時代ごとに名作と名役者を生み出す宝塚歌劇団
「ベルサイユのバラ」に「風と共に去りぬ」、「あかねさす紫の花」など、数え切れぬほどの名公演をおこなってきた、ご存知、宝塚歌劇団。その歴史は意外に古く、1914年に「宝塚唱歌隊」として公演をしたのが発祥だ。
宝塚新温泉という遊園地の企画で、少女のみが出演する唱歌隊としてデビューを果たした。その後、1919年には宝塚音楽歌劇学校が設立され、それを母体として「宝塚少女歌劇団」が誕生。大正デモクラシー華やかなりしころ、女性のみの歌劇団という珍しさもあいまって人気を博した。
1927年には、当時ヨーロッパで流行していたレビューという公演形式を日本で初めて取り入れた「モン・パリ」が演じられ、日本芸能史上においても重要な役割を果たした。
しかし、時代は第二次世界大戦へと突き進むさなかにあった。
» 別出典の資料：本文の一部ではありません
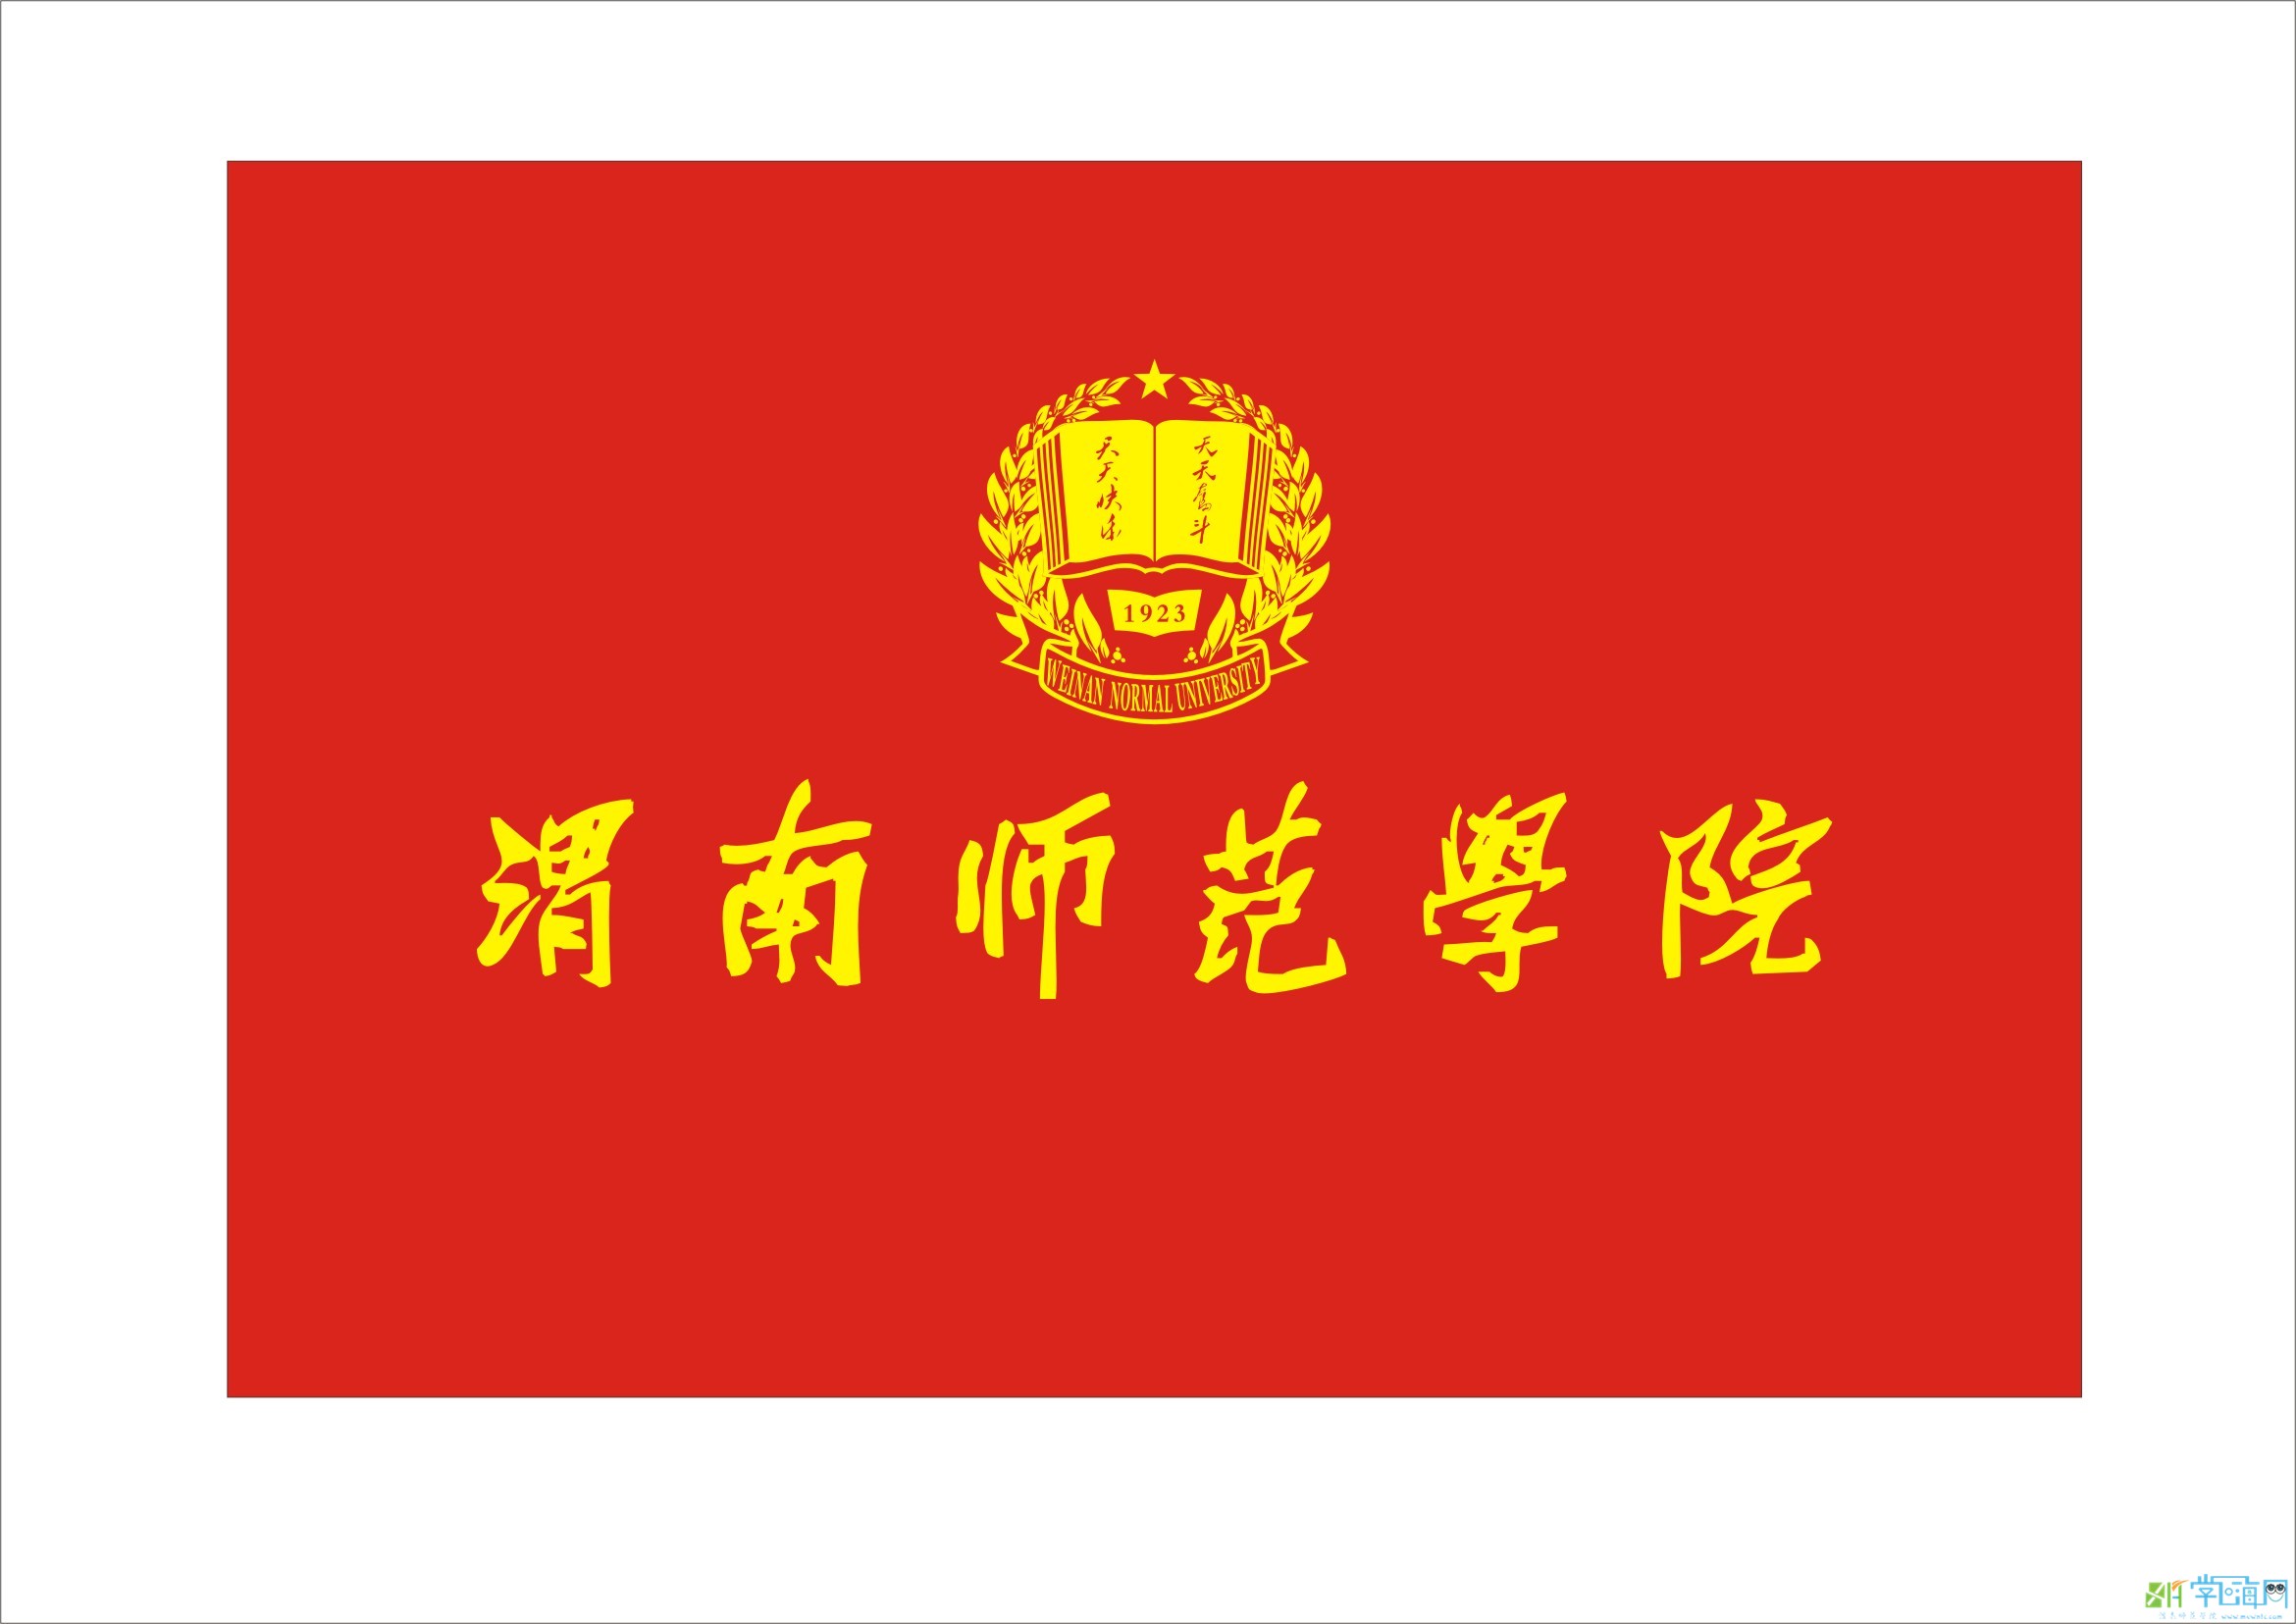 渭南師範學院2013年新版校旗

宝塚もその余波を受けざるを得ず、外国語の演目は公演するのが禁じられ、内容は軍国主義的なものへと変えられていく。そして戦争が激化した1943年、宝塚大劇場は軍に接収され、最終公演を迎えることになった。そのとき、ファンは劇場から宝塚駅まで長蛇の列を作ったという。
いったんは幕を下ろした宝塚歌劇団だが、戦後は無事に再開を果たし、越路吹雪、八千草薫、浅丘雪路、寿美花代といったスターを世に送り出した。その宝塚が黄金期を迎えたのは1970年代。「ベルサイユのバラ」が初上演されたころだ。年間の観客数は140万を超えるという空前の大ブームが起き、その後も「風と共に去りぬ」や「あかねさす紫の花」など、大ヒット公演を続け、海外公演も積極的に行った。
1995年の阪神淡路大震災で中断を余儀なくされたが、震災の2ヵ月後には公演を再開。震災の悲劇に負けることなく、翌年の1996年には「エリザベート」という名作を生み出している。
2014年に劇団創立100周年を迎え、いまや公演後のスターに会うための、いわゆる「出待ち」の行列も恒例の光景になっている。これからどんな名作を生み出してくれるのか。どんなスターが輩出されるのか。期待に胸が膨らむ。